Kordkuy’s County protected area, Khalid Nabi Cemetery and Gonbad-e Qabus Tower are among the attractions that helped Golestan’s tourism growth.
Jahan Nama (Persian: جهان نما, also Romanized as Jahān Namā) is a village in Chaharkuh Rural District, in the Central District of Kordkuy County, Golestan Province, Iran. At the 2006 census, its population was 99, in 43 families.
This area is situated in the southern heights of Gorgan and the southeast of Kord Kooy (the Mountain of Kurd). In 1973, it was claimed as a protected place with 30,650 hectares in area.
The most important varieties of wildlife are: wild goat, wild sheep, vension, panther, wolf, beer, owl, eagle, shoulca, weasel, and porcupine and its important plants are: Rosh, Azad, Barberry, Sorkhdar, Kolahe Mir Hassan, Bolandmaza Namdar, Borage Cowslipe, Ras, and Darmaneh. Several studies in the area found 1350 specimens, which included a total number of 607 vascular plant species that were identified from this area belonging to 329 genera and 85 families.
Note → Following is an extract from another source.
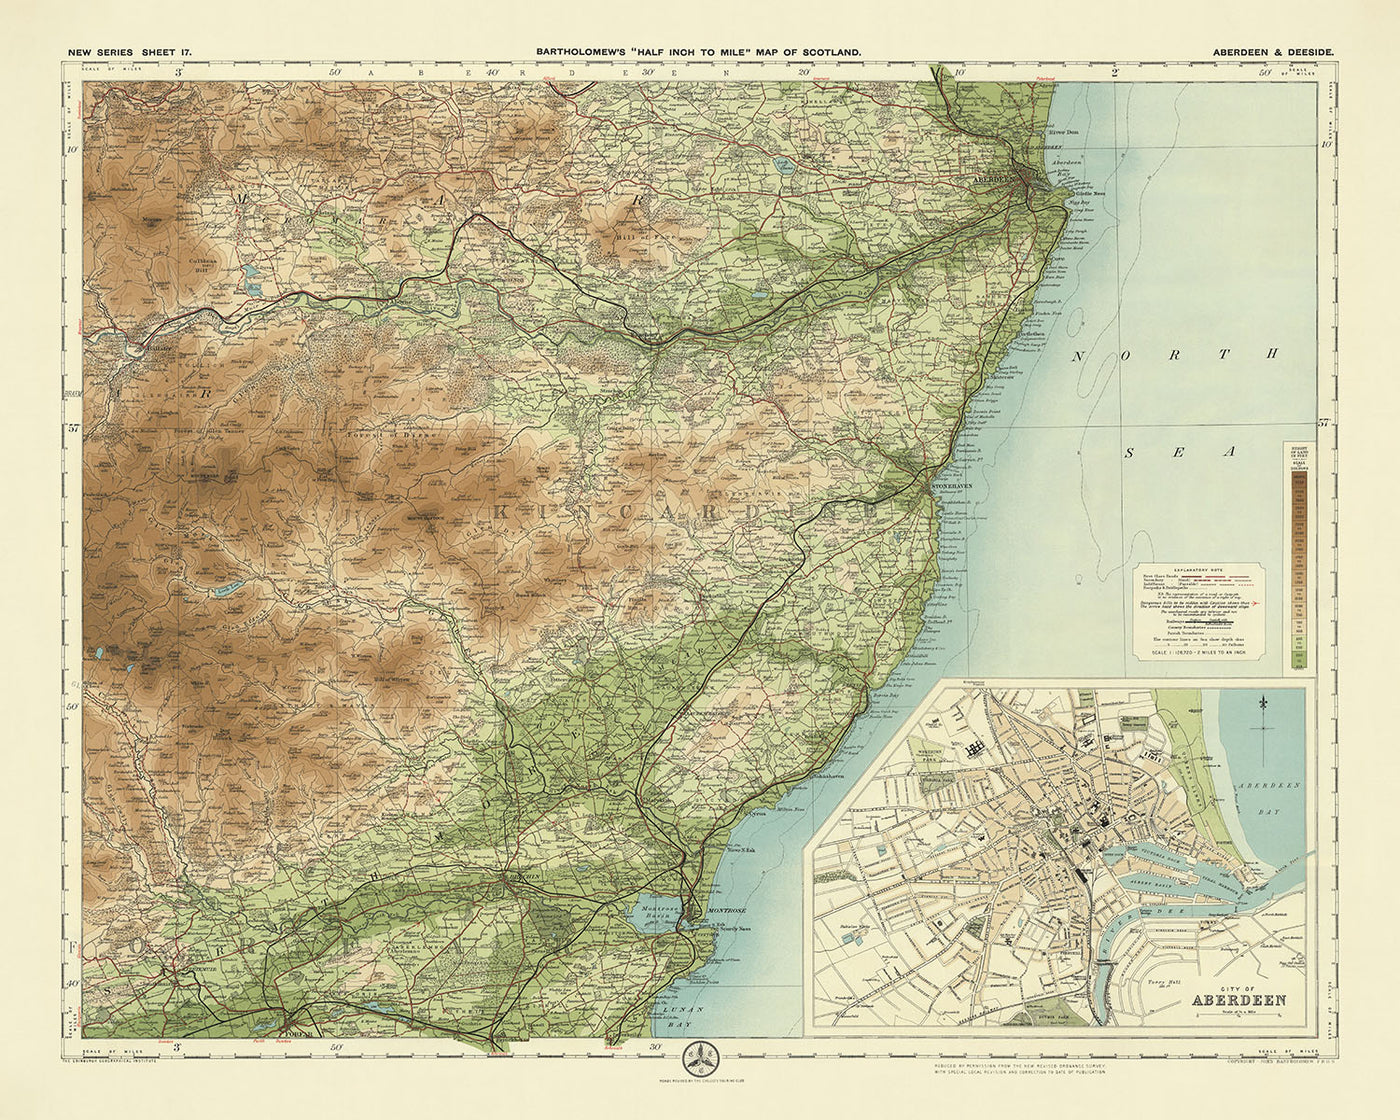 Antiguo mapa OS de Aberdeen y Deeside, Aberdeenshire por Bartholomew, 1901: Aberdeen, río Dee, Bennachie, castillo de Dunnottar, lago de Skene, costa del Mar del Norte

The most important rivers and springs of this protected place are: Sefid Rood, Tarkan, Mahzi, Chaar Baq, Ziyarat, Marsang, Sbumargah, Shahpasand, Haji Abad, Gachian, Mord Cheshmeh, Vara, Khosh Dasti, Kalichal, Qormehtou, Pazeebon. Ancient relics of the said area are: water tank, ancient center of Kamarsarak and Jelingbling, Imamzadeh Razi and Marzieh, and the tower western of Radkan.
Gonbad-e Qabus Tower is a monument in Gonbad-e Qabus, Iran, and a UNESCO World Heritage Site since 2012.
The Tower in the central part of the city reaches 72 metres (236 ft) (including the height of the platform).
The baked-brick-built tower is an enormous decagon building with a conic roof, which forms the golden ratio Phi, that equals 1.618. The interiors contain the earliest examples of Muqarnas decorative styles. The decagon with its 3 meter-thick wall, divided into 10 sides, has a diameter of 17 m . The Tower was built on such a scientific and architectural design that at the front of the Tower, at an external circle, one can hear one’s echo.
The tower was built in 1006 AD on the orders of the Ziyarid Amir Shams ol-Ma’āli Qabus ibn Wushmgir (شمس المعالي قابوس بن وشمگير). It is located 3 km north of the ancient city of Jorjan, from where the Ziyarid dynasty ruled. The tower is over 1000 years old.
Khalid Nabi Cemetery (fa. گورستان خالد نبی, cemetery of the prophet Khaled) is a cemetery in northeastern Iran’s Golestan province, roughly 65km northeast of Gonbad-e Kavous, in the Gokcheh Dagh hills of Turkmen Sahra. It is mainly situated on a mountain ridge about 1 km distance from the mausoleum called “Khaled Nabi” who according to oral tradition of the Yomut Turkomans was a pre-Islamic prophet (payghambar).
The cemetery was visited in 1979 and 1980 by the archeologist David Stronach . He found over 600 standing stones which are spread out in several locations. About half of them are on the ridge which he calls ” High Plateau ” South and south-east of that are small groups of stones on several other ridges and hillocks. At some distance there is another group of perhaps 150 stones which are distributed over a wide area on the south side of the mountain. Stronach noted two types of gravestones on the site. In both he saw “highly stylized representations of people.”
In popular media the stones are often described as examples of phallic architecture and a major tourist attraction. Touristic visitors often have perceived the cylindrical shafts with the thicker top as depictions of male phalli. This gave rise to popular guesses about preislamic fertility cults as background to such perceived depictions. Consequently the rounded, second type of stones were attributed to female forms and graves. Such descriptions have added to the popularity of the site for visitors from distant parts of Iran.
The cemetery is now a national heritage site protected by the Iranian government.